Python package and utilities for reading AFP (Advanced Function Presentation) files.
Copyright 2016 Matthew NEALE
Licensed under the Apache License, Version 2.0 (the "License"); you may not use this file except in compliance with the License. You may obtain a copy of the License at
Unless required by applicable law or agreed to in writing, software distributed under the License is distributed on an "AS IS" BASIS, WITHOUT WARRANTIES OR CONDITIONS OF ANY KIND, either express or implied. See the License for the specific language governing permissions and limitations under the License.
This repository contains an afp package for Python, allowing the caller to read and decode AFP (Advanced Function Presentation) print files. For more information on AFP see the website of the AFP Consortium http://afpcinc.org.
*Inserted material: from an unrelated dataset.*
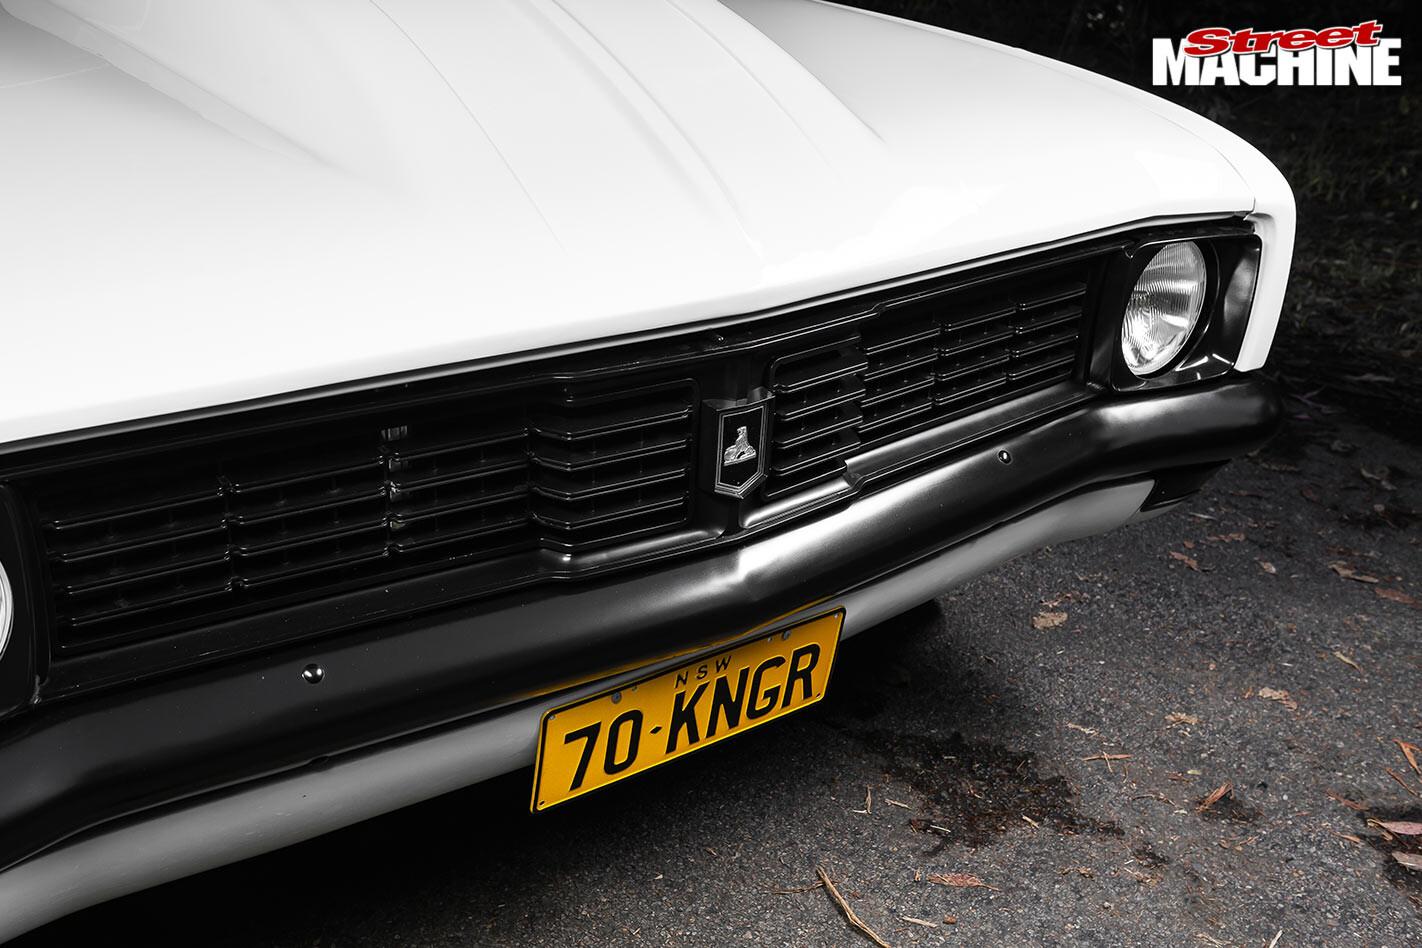 Holden HT Kingswood front

The repository also contains two utilities that make use of the library - dumpafp.py and afp2ascii.py.
The code is pure Python 3 and was most recently tested on Python 3.4.1.
This is a command-line utility to read an AFP file or files and output a human-readable version. The detail of the AFP file is written to stdout or to a file, allowing inspection of the AFP file. The utility is most useful for debugging and investigating AFP files.
At its simplest you can execute the following:
% python dumpafp.py myfile
More options are available, see:
% python dumpafp.py --help
The utility and the afp package support a lot of the AFP spec and can decode complex files, however not all structured fields, triplets and control sequences defined by the AFP spec are implemented today. By default if an unknown structured field, triplet or control sequence is encountered, the utility will abort with an error. You can change this behaviour with the three command-line options:
--allow-unknown-fields allow structured fields not supported by the parser in the output --allow-unknown-functions allow functions not supported by the parser in the output --allow-unknown-triplets allow triplets not supported by the parser in the output
With these set, unknown entities are printed to the output for inspection in their binary format, i.e. we do no decoding of the contents beyond decoding the structured field introducer.
This utility is similar to dumpafp.py, except that it focuses on the text in the AFP file rather than on all the detailed content. It is therefore good for taking a quick look at an AFP file from the command-line, and good for diff-ing AFP files. It is a very simple program and only covers very basic AFP features.
% python afp2ascii.py myfile
More options are available, see:
% python afp2ascii.py --help
It doesn't support the 'allow' options that dumpafp.py does - it always allows unknown structured fields, triplets and control sequence functions.
The afp Python package implements the parser used by the above utilities. At its simplest an AFP file can be opened and read using the code below:
import afp with open('myfile', 'rb') as f: for sf in afp.stream(f): # Do something with structured field sf
The function afp.stream returns a generator allowing the caller to iterate over the file without loading it all into memory. If you do wish to load the entire file into memory you can use the afp.load function instead.
import afp with open('myfile', 'rb') as f: fields = afp.load(f) for sf in fields: # Do something with structured field sf
The afp.stream and afp.load functions take optional arguments matching the command-line options discussed above that control what to do when we come across unknown structured fields, triplets or control sequence functions:
def stream(f, allow_unknown_fields=False, allow_unknown_triplets=False, allow_unknown_functions=False, strict=False)
The fifth argument 'strict' causes the parser to be more strict when it comes across missing parameters on structured fields, triplets or functions in the AFP file; and incomplete parameters - where there are some but not enough bytes left to read the parameter. By default the parameter is False allowing us to be tolerant of slightly malformed AFP, and some older AFP files.
What is not supported
The afp package does not implement the entire AFP spec, but it does implement enough to cover many situations. The list below is a high-level view on what is not implemented today.
Multiple structured fields, triplets and control sequences are not implemented. If you need to implement more, see the instructions in fields.py, triplets.py or functions.py - it's not difficult.
The optional record beginning marker is not supported. Files with no record beginning markers will fail with the error 'Missing 0x5A carriage control character'.
Structured Field padding is not supported. If an AFP file includes padding then it will fail with the error 'Structured Field padding is not supported'.
Writing AFP files. This would be a natural extension of the code we have already.